The job of the software toolchain for an AI engine is to schedule pieces of work on various pieces of hardware so that the right result comes out at the right time. Using the AI toolchain to come up with a representative set is too difficult. We must start with the hardware itself and look at the capabilities that have been built into its architecture. We want to make sure that this queue of operations works correctly, or we want to make sure a particular resource is maxed out. You can reason back through the network to see what you must feed in to achieve those corner cases.

The verification of a neural accelerator must rely on the same hierarchical approach used for more traditional processors, but with perhaps a different weighting of concentration. First, the tiles must be verified as close to exhaustively as possible. Depending upon the complexity of the blocks, this could be done with SystemVerilog and a constrained random verification methodology, or if they contain processors, PSS could be used.

Second, the network that interconnects them must be verified. This could be a more extensive problem than is seen for system assembly today because of the large numbers of blocks involved, but it is likely to involve a regular array structure, so that may simplify the task.

Third, we need to define graphs in PSS that define the important dataflows through the devices and use Test Suite Synthesis to explore those. At first, this would be a simple verification of the individual flows, and then multiples of these can be scheduled concurrently to look for unintended interactions between them or to locate congestion points in the device.
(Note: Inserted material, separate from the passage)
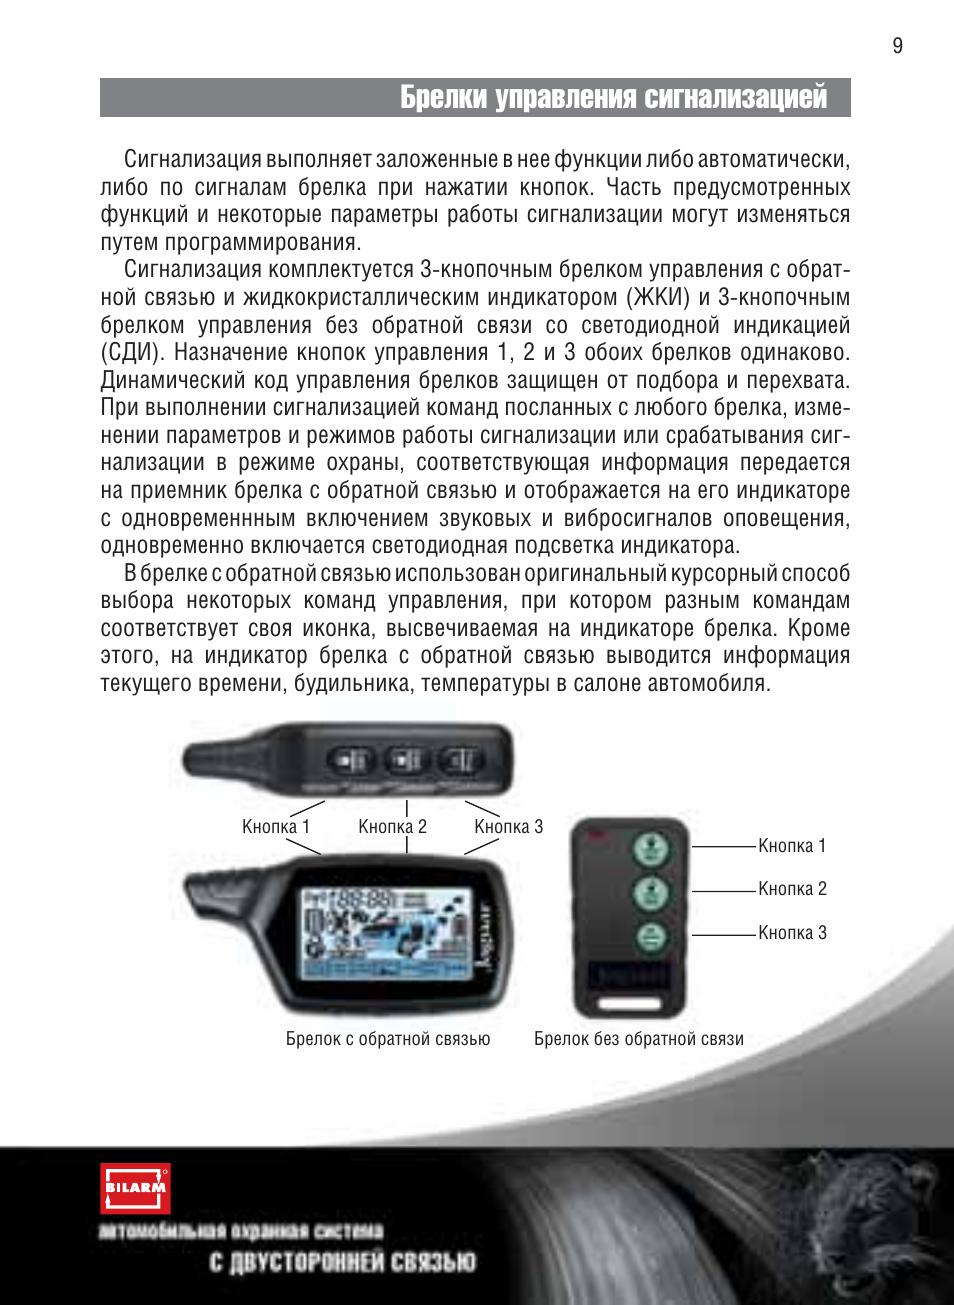 инструкция по настройке брелка сигнализации ягуар

Finally, some sample networks can be run, and these can be used to ascertain the effectiveness of the device at achieving desired performance or power goals. However, the concentration of real software is likely to be less than it was for traditional software running on processors.

The first wave of custom accelerator chips can be expected to hit the market quite soon. It remains to be seen how many will be successful, how many will have functional errors that will be difficult to hide using the software tool chain, and how many will reach the desired levels of performance or power.

Breker Verification Systems will continue to work with the industry to ensure that it has access to the tools it needs to enable a good functional verification methodology. We are listening and learning along with the industry. Together we can do this.